CORTLAND, N.Y. – Eight city residents appeared at city hall Tuesday night to voice their opposition to a plan by city officials to replace traffic lights at two separate intersections with four-way stop signs.

Traffic lights at the intersection of Greenbush and Elm streets–and Greenbush Street and Central Avenue–are outdated but costly to replace, according to Nick Dovi, deputy superintendent for the city’s department of public works.

Children and the elderly frequently cross the intersections, residents said, and stop signs could make the area less safe for pedestrians.

The intersections are located near the Cortland County Office Building, which contains a parking lot that is often filled to capacity.
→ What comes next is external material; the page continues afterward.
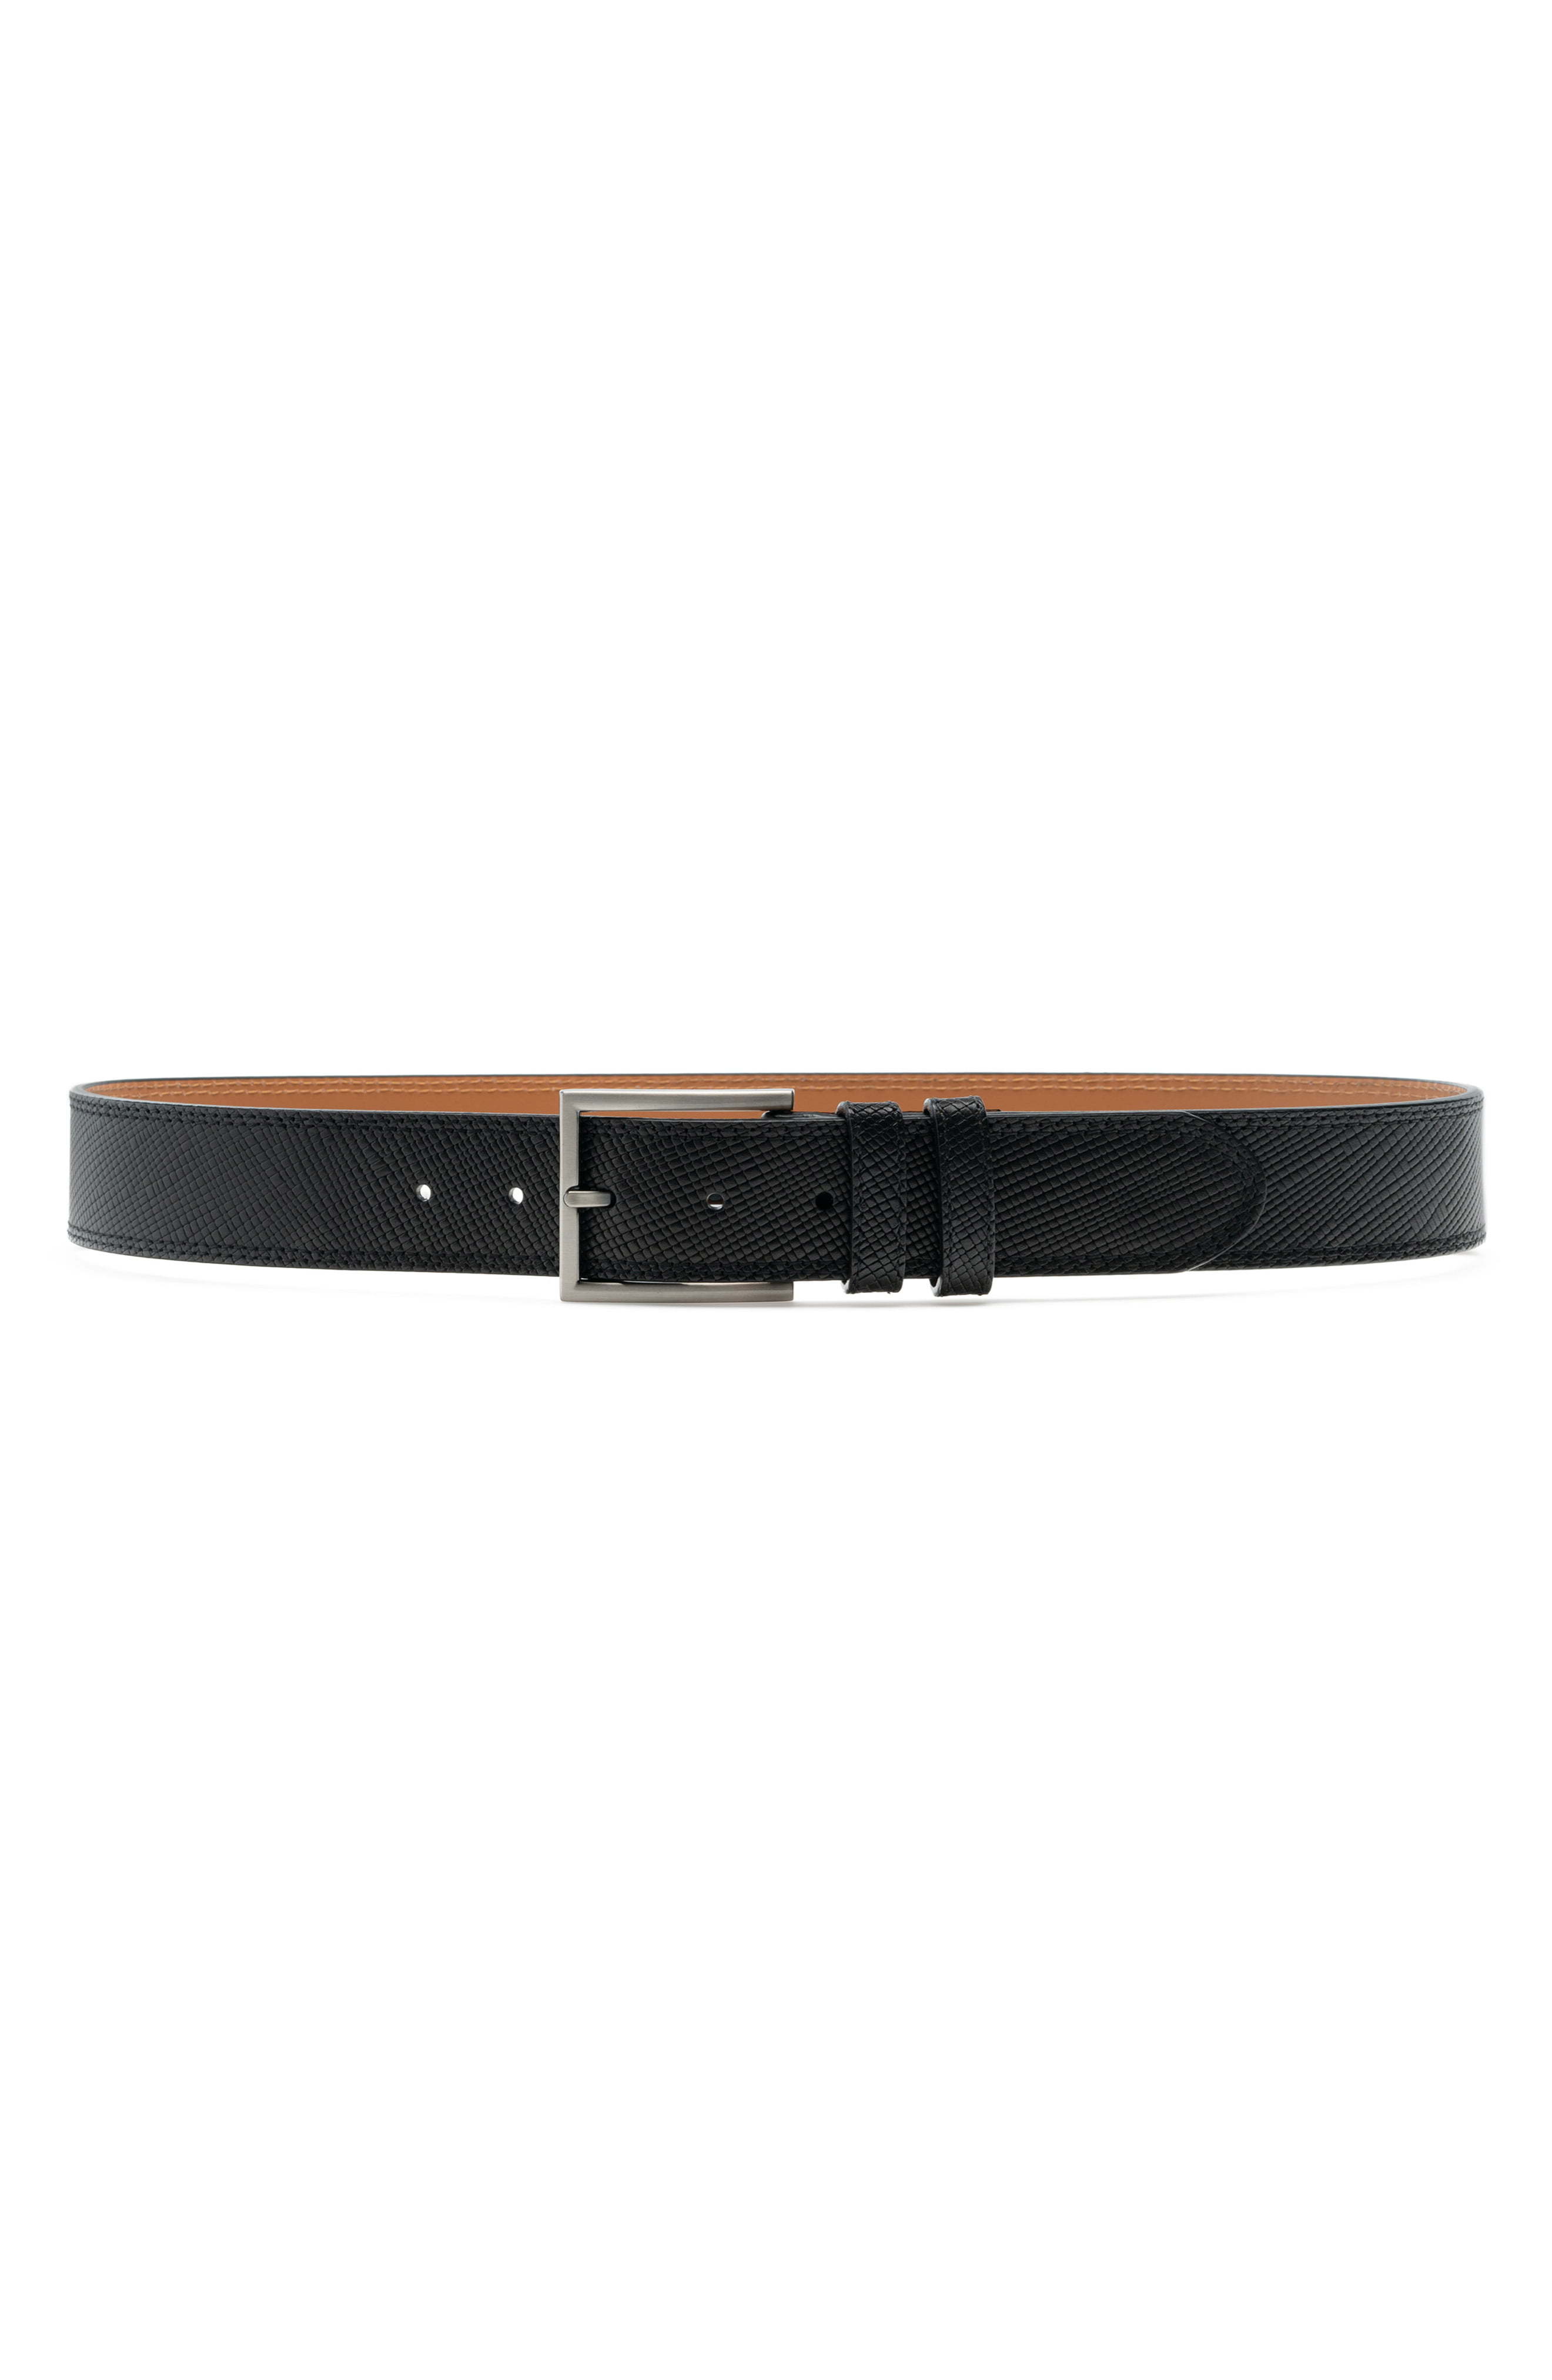 Magnanni Eastwood Pebble Leather Belt, $135 | Nordstrom | Lookastic

“It is not an unpopulated area,” said Jo Schafer, a resident who said she frequently walks in the area.

The cost of replacing both traffic lights would likely cost upwards of $90,000, according to Dovi.

Mike Dexter, who chairs the city’s landscape and design commission, recognized the high cost but felt improving the safety of the area should be the priority.

“The cost of it is exorbitant, but safety I think comes first,” Dexter said.

Would new traffic lights be safer?

Before Tuesday’s public hearing, Dovi provided information on the history of accidents at the intersections.

Since January of 2012, more than a dozen accidents have occurred at the intersection of Greenbush and Elm streets, two of which resulted in “bodily injury,” Dovi said.

“They’re definitely obsolete,” he said, referring to the traffic signals. “We thought it was a good time to look into replacing the light or other options, because it has outlived its life expectancy.”

Greenbush and Central

Greenbush Street and Central Avenue (Peter Blanchard/Cortland Voice)

Greenbush and elm

Greenbush and Elm streets

Dovi said he’s reached out to several engineering firms to conduct a “warrant analysis,” which would determine the best possible traffic configurations for the intersections.

Replacing the traffic lights with LED stop signs could be a safe and cost-effective alternative, he said.

“I’ve seen people run through that yellow light there constantly and have pretty close calls,” he said. “I thought maybe a stop sign would slow traffic down.”

City lawmakers plan on making a final decision later this month.